Выбрать главу

Спустя два часа Денис стоял за столиком в буфете на автовокзале и жевал бутерброд с колбасой, с ожиданием поглядывая на кабинки междугородных телефонов. Во внутреннем кармане его пальто, сложенная вдвое, лежала копия медкарты Геннадия Синицына. Первого марта 1962 года он появился на свет с врожденным вывихом ноги. Первые полгода своей жизни провел в гипсе, потом была повторная операция в областной клинике, но окончательно повязку сняли только в возрасте четырнадцати месяцев.

– Тиходонск, вторая кабина! – объявили из переговорного пункта.

Денис метнулся к кабине.

– Селеденко, это Петровский. У меня автобус через пять минут, так что слушай внимательно. Подними срочно все документы по Синицыну, касающиеся его службы в армии. Где служил, когда. И обрати внимание на фото… Что? Да не в этом дело. Слушай, говорю. Сверь его фотку с нашей. Понял?.. Да нет. Я из Трофимова звоню, в больнице был… Со мной ничего! Я медкарту Синицынскую смотрел. У него одна нога была короче другой на два сантиметра. Ни о какой армии и речи быть не могло, а он заливал про дружка какого-то армейского… Да не мне. Алферовой. Кстати… Позвони ей, узнай, не хромал ли он. Да. Вот так прямо и спроси. Все. Я перезвоню завтра… Что? Нет, не домой. Хочу еще в одно место наведаться, здесь недалеко.

* * *

Первое, что он заметил, – огромные, выше человеческого роста, заборы из листового шифера, увешанные сухими космами дикого винограда. Под заборами суетились гигантские какие-то утки, похожие на пернатых боровов, и склевывали с веток замерзшие ягоды. Крепкие железные ворота, кое-где даже расписанные в цветочек масляной половой краской. Припаркованная у сельсовета «аудюха» с открытым капотом – и бородатый казак, увлеченно копающийся во внутренностях автомобиля. Станица Аннинская, Нижнедонской район, восемьдесят километров от Тиходонска.

В сельсовете Денис задержался недолго – поручкался с председателем, предъявил документы, высидел пять минут у паспортистки, пока та допивала чай, – и направился по указанному маршруту. По улице, вперед до мехдвора, налево через мосток, потом направо, третий от магазина дом, шестой номер, голубые ворота.
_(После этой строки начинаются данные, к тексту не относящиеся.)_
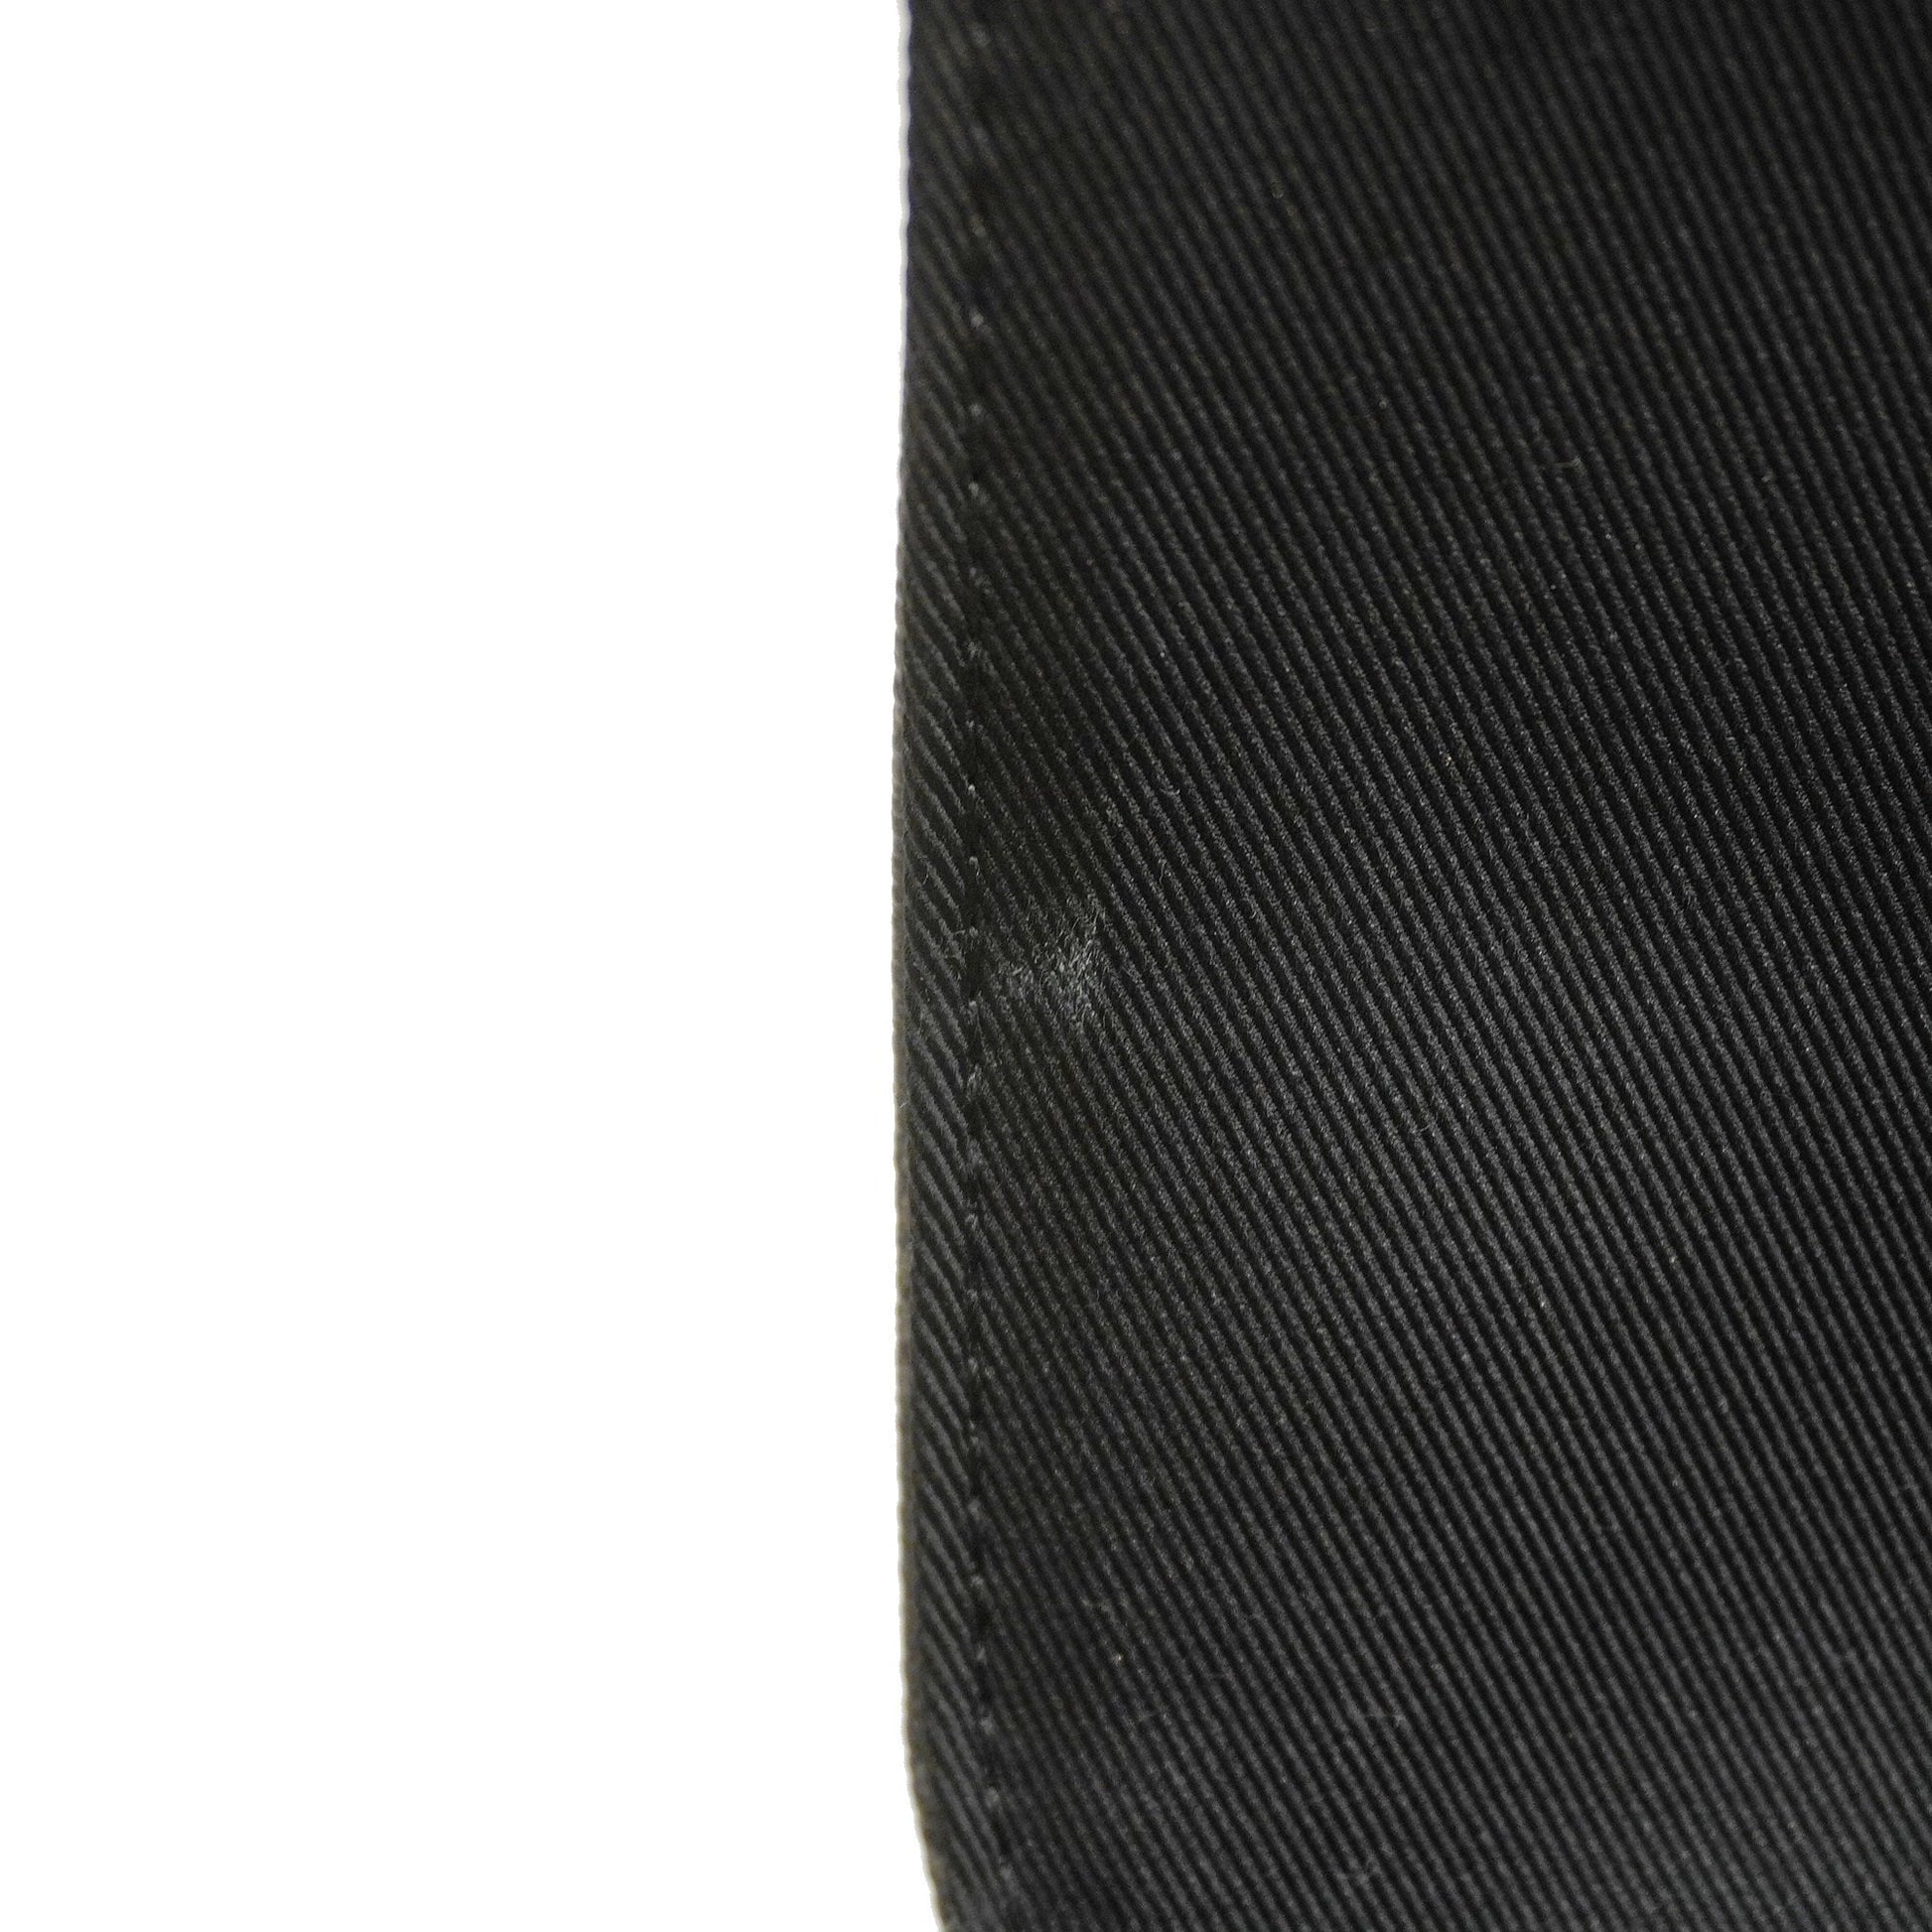 3ac2267] Auth Louis Vuitton Shoulder Bag Damier Graphite District

Старушенция с задубевшим от солнца и мороза лицом, «баба-ёжка» с ясными проницательными глазами – Марь Васильна Стефанович. Она хорошо знала мать Синицына.

– А не из тех ли Петровских будете, что в Сухаревской балке? – спросила она, возвращая Денису документы.
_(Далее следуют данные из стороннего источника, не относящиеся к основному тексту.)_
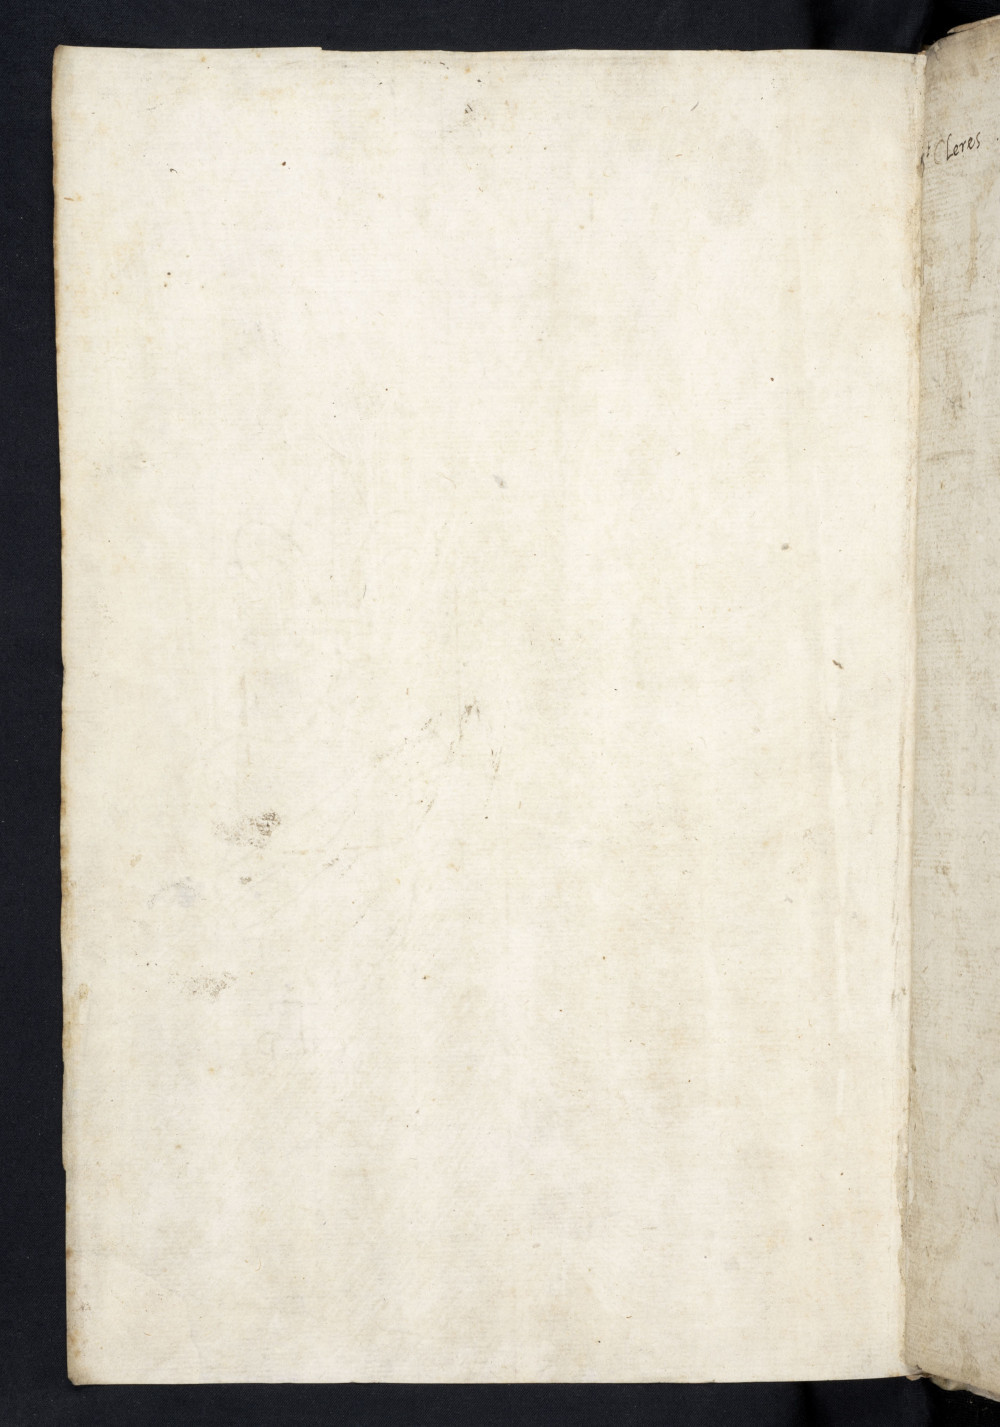 Folio iii v
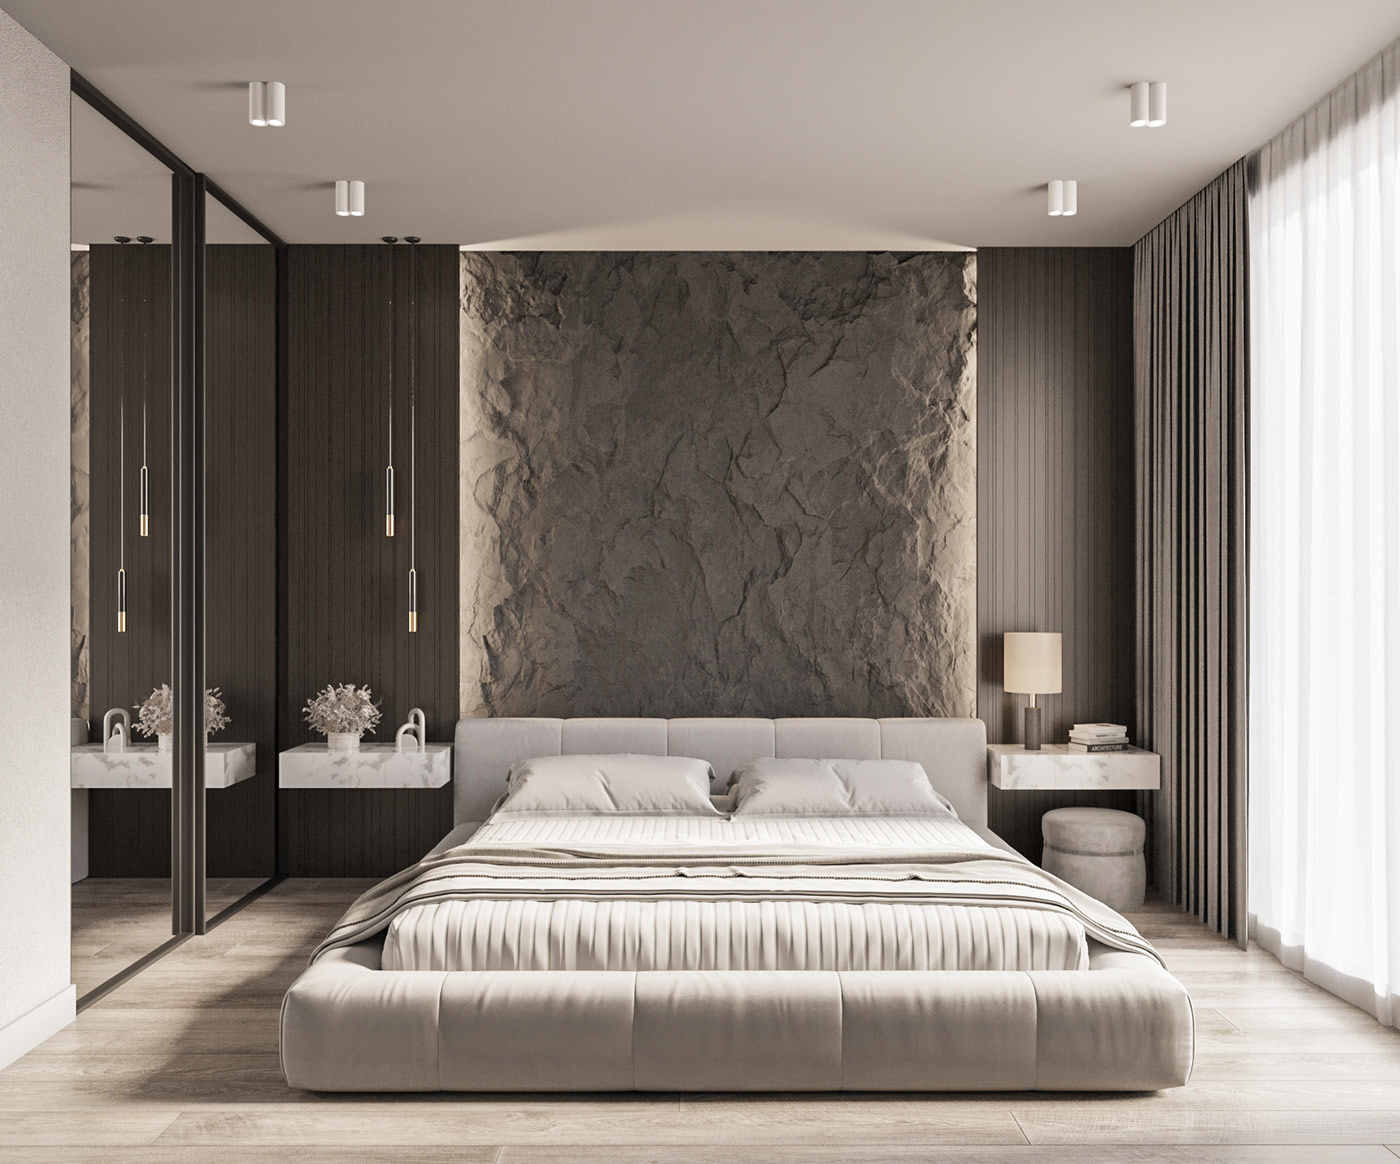  Bedroom design

– Не знаю, вряд ли, – сказал Денис.

– Как так не знаю? – удивилась старушенция. – Кажный должон знать, откуда он пошел. И куда направляется, тоже должон… Ведь так?
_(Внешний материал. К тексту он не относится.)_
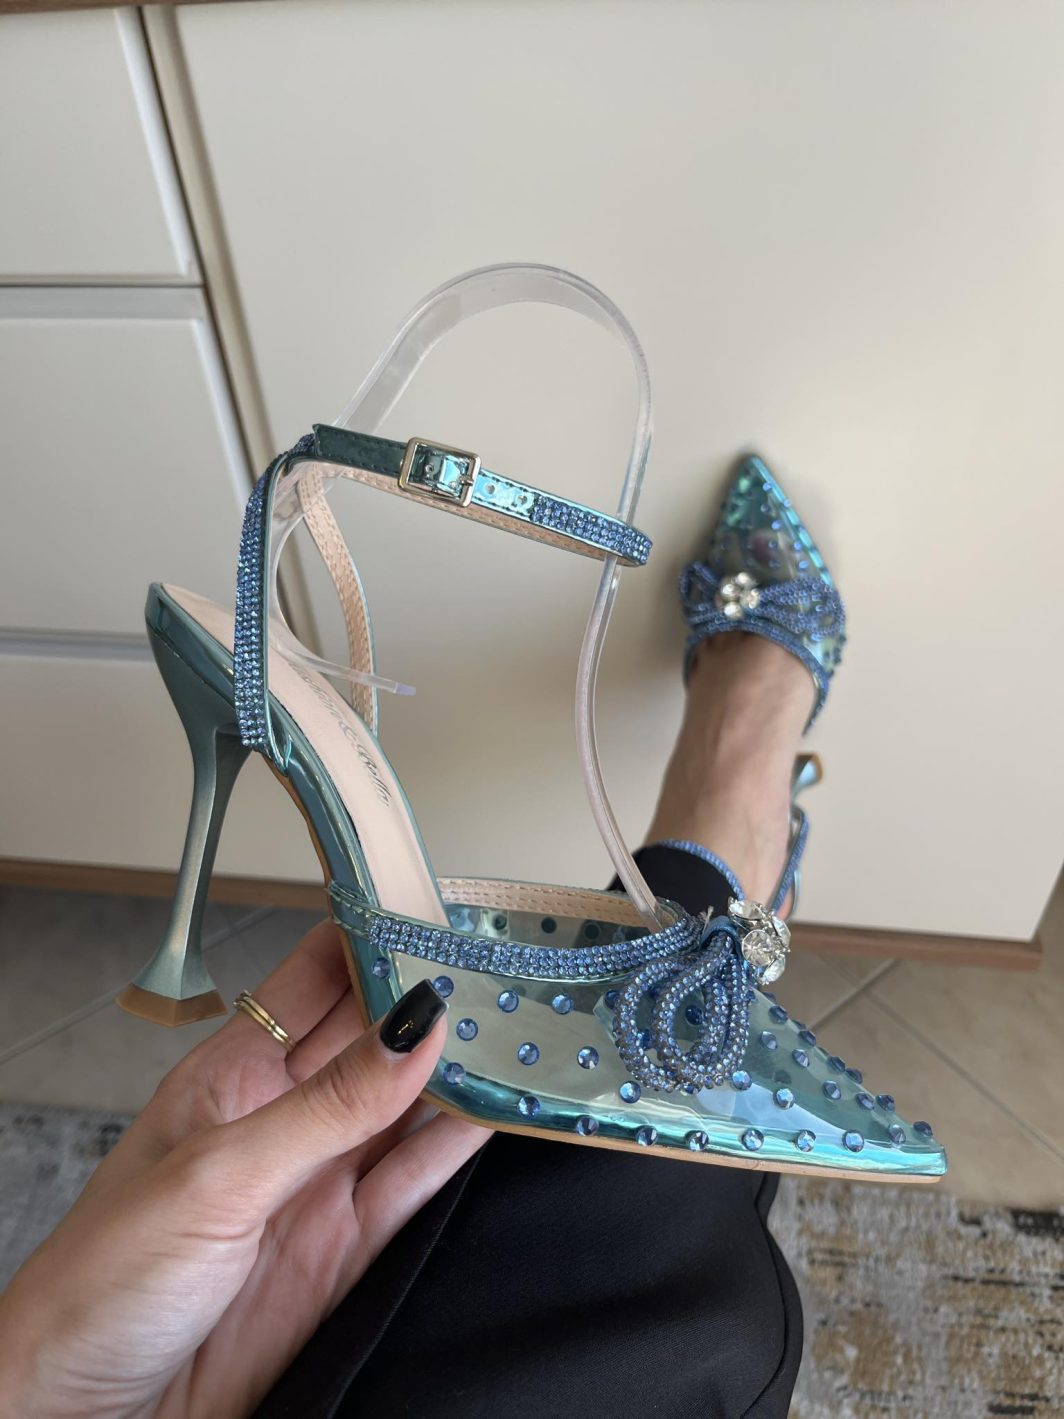 Sapato Cinderela - Azul

Денис вкратце изложил легенду, сводившуюся к тому, что Синицын-де пропал неизвестно куда, пензенские родственники претендуют на жилплощадь, ведется розыск, то-се, пятое-десятое.

– Генка-то? Шило в жопе у человека, оттого и пропал. Как устроился на этот свой завод, так и носу не кажет. А хоромы-то большие?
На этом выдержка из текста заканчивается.